Although the ONS officer I worked with urged caution about drawing conclusions due to the numbers involved, the increase corresponds with a BMJ study of the wider population that suggests the financial crisis may have caused a significant rise in suicides. It also corresponds with concerns raised in the Royal College of Psychiatrists’ report about the current pressures facing students: “Social changes such as the withdrawal of financial support, higher rates of family breakdown and, more recently, economic recession are all having an impact on the well-being of students and other young people.”

When I received the figures, I was writing an article about the lack of urgency around student mental health. These figures raise further questions about the higher education sector and about what institutions are doing to ensure their students have adequate support. It’s time for the sector to respond.

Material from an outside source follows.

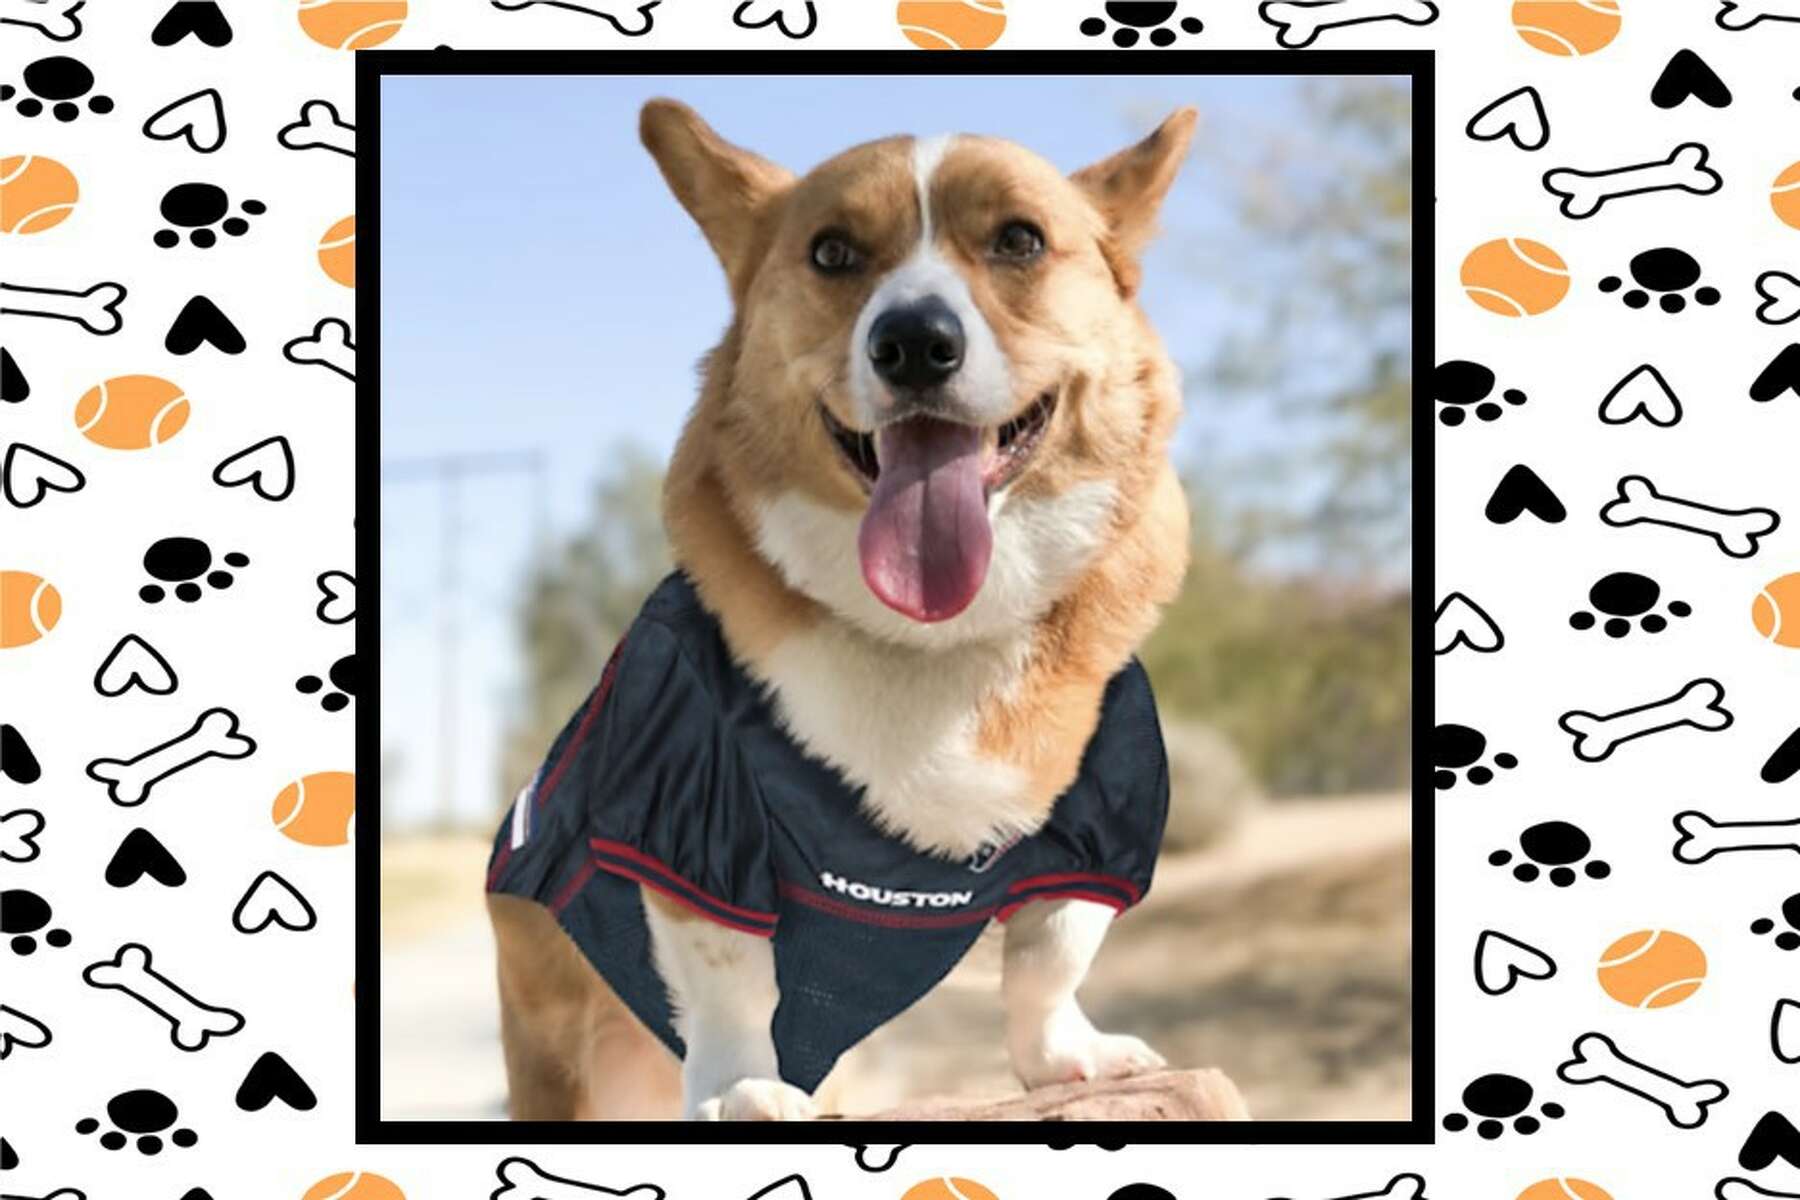 Pets First Houston Astros Reversible Medium Dog Collar | Petco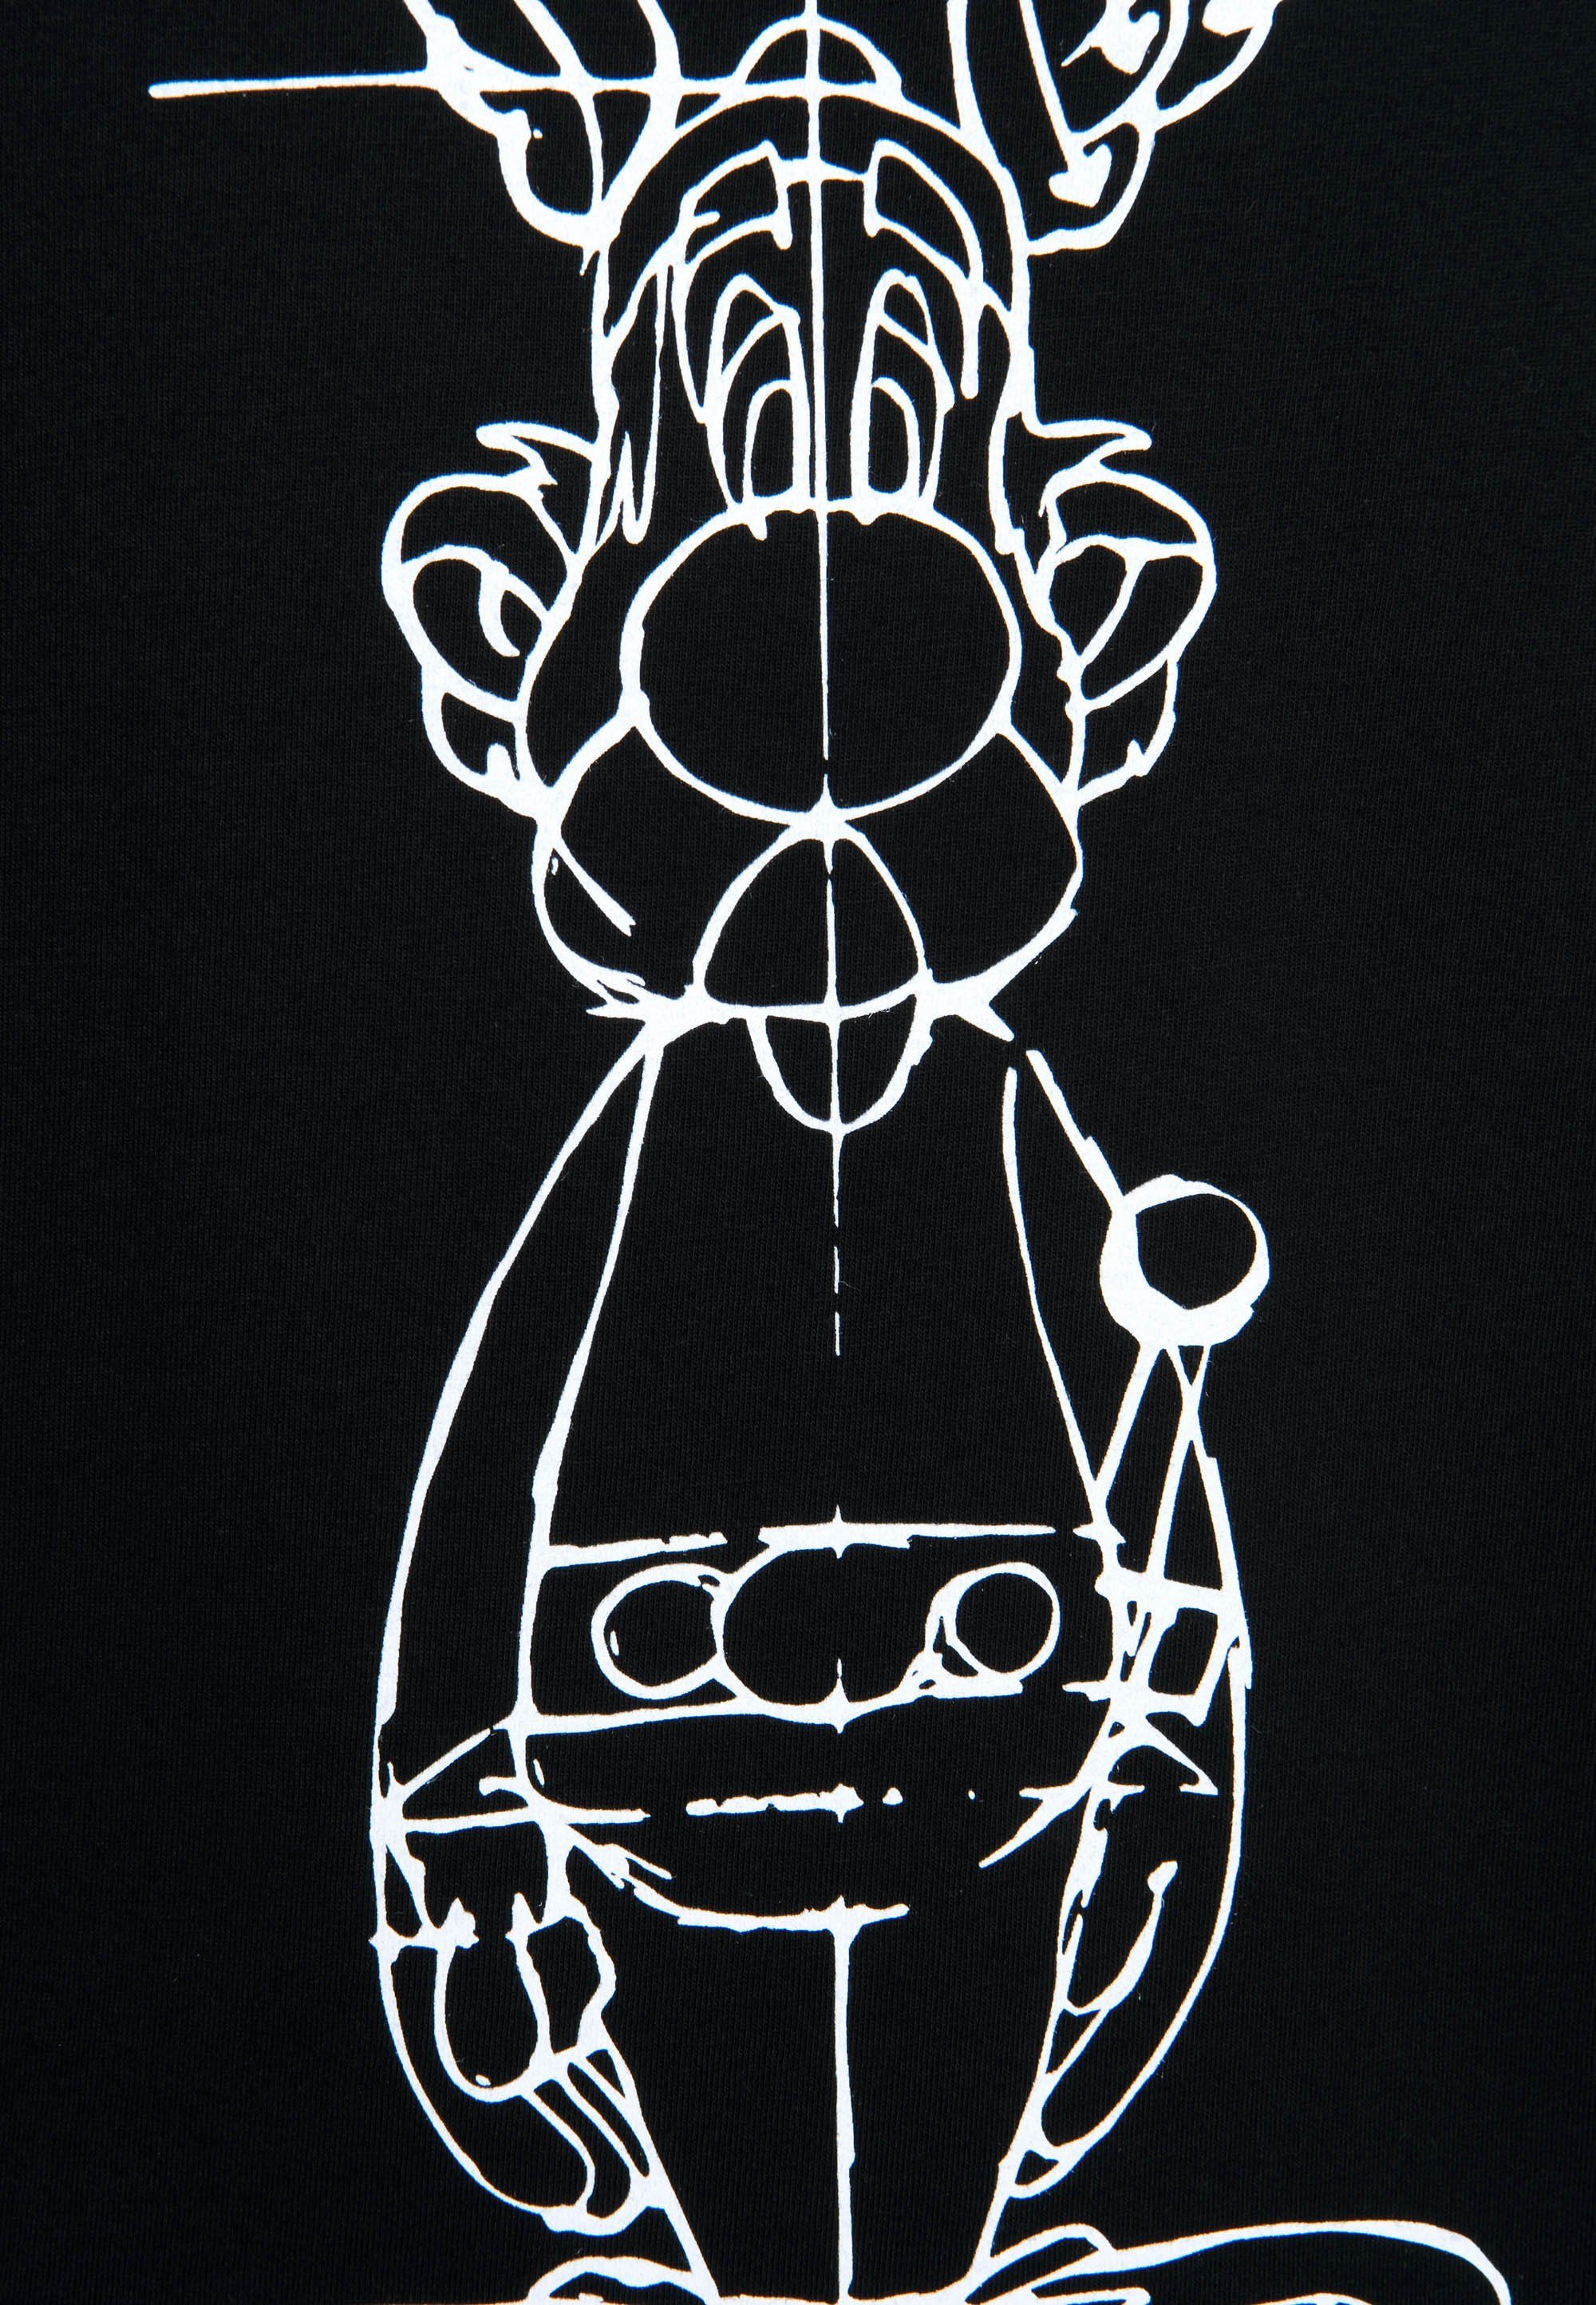 LOGOSHIRT T-Shirt Asterix der lizenzierten Gallier mit Originaldesign

The Royal College of Psychiatrists’ report provides clear recommendations for institutions and policy-makers. Currently, it is difficult to know which institutions, if any, are making serious efforts to meet these recommendations. This needs to change;

  1. Institutions should guarantee a certain level of support for their students.
  2. Institutions should put in place an institution-wide mental health policy and make it publicly available through their website; the policy should be reviewed and updated regularly by an institution-wide mental health & wellbeing committee that meets several times a year.
  3. The sector should fund a national committee to recognise and promote good practice in student mental health.

It’s up to students, staff, parents, and all those with an interest in the welfare of young people, to demand that institutions and policy-makers prioritise student support.

*The figures are for students aged 18+. ONS data was only available for England and Wales. The number of students in full-time education has increased by 15% during the same period.
Resources:  Universities UK produced a guidance paper on Reducing the Risk of Student Suicide in 2002, available here.